APPEAL/ERLINGER. The Seventh Circuit vacated and remanded United States v. Evelio Santana, 2025 U.S. App. LEXIS 15522 (7th Cir. June 24, 2025). Santana pled guilty to unlawful possession of a firearm as a convicted felon. He was enhanced under ACCA after the district judge found by a preponderance of the evidence Santana had three prior convictions for violent felonies committed on different occasions. Santana argued the determination should have been made by a jury beyond a reasonable doubt as required by Erlinger v. United States. The judge determined Santana's prior convictions were committed on different occasions and sentenced him to the mandatory minimum of 15 years in prison under the ACCA. Santana's lawyer had agreed with the judge's authority to make this determination based on then-current Seventh Circuit precedent. The Government argued a jury should make the determination but the judge overruled the objection. The Seventh Circuit found error because the judge, not a jury, made the different-occasions determination by a preponderance of the evidence contrary to the Supreme Court's ruling in Erlinger.
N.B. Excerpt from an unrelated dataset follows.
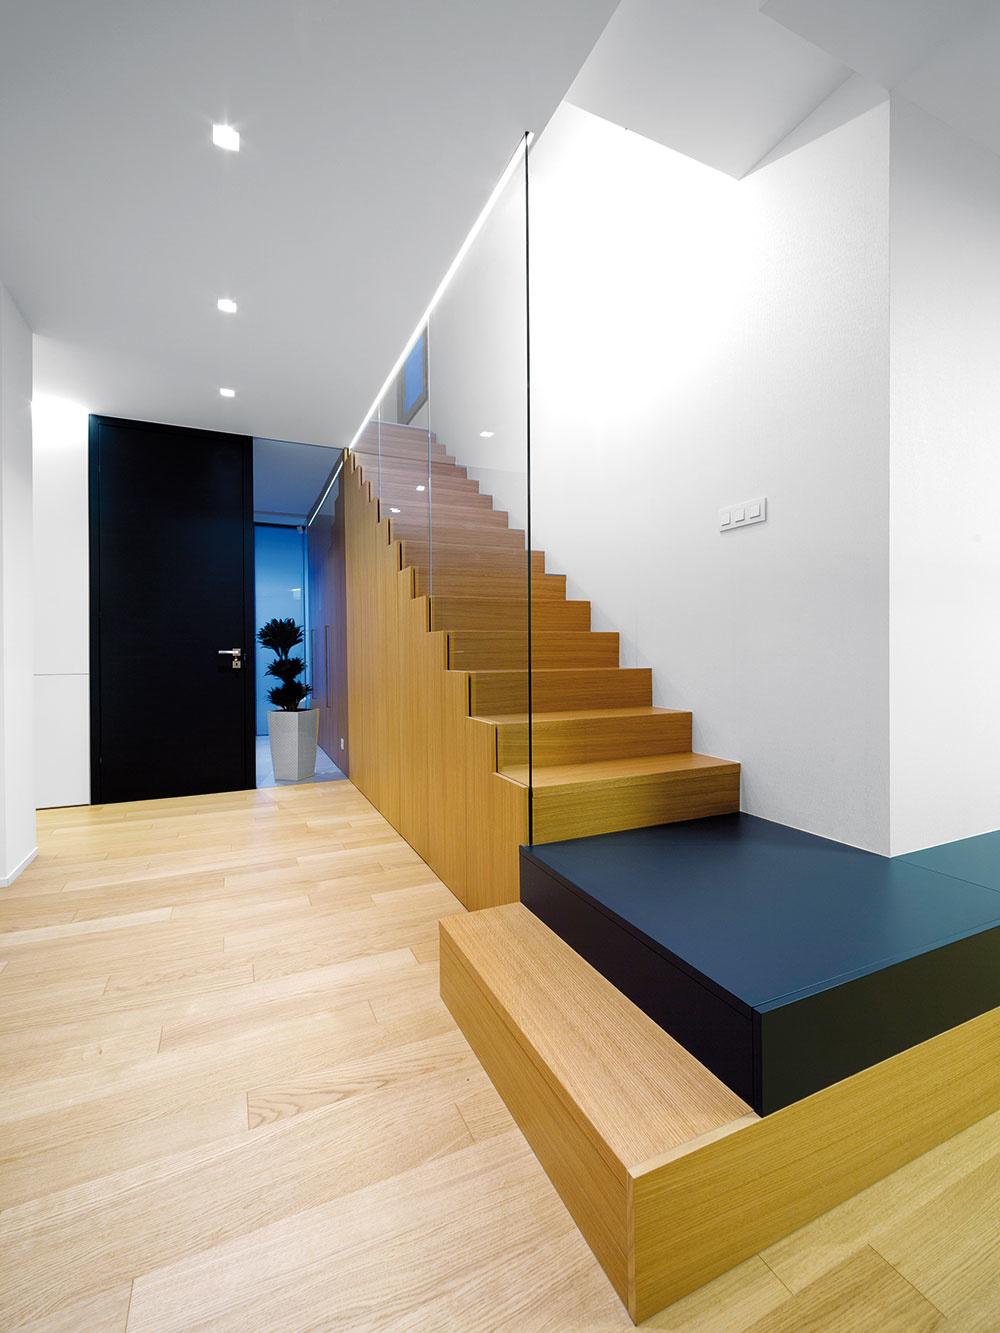 Polotransparentná stena splnými dverami oddeľuje dennú časť domu od predsiene.

The error was plain and affected Santana's substantial rights by increasing his sentence. The court concluded the error undermined the fairness and integrity of the proceedings, as a reasonable jury might have found reasonable doubt about whether the prior felonies were committed on different occasions. The Seventh Circuit vacated Santana's sentence and remanded for resentencing consistent with the decision in Erlinger.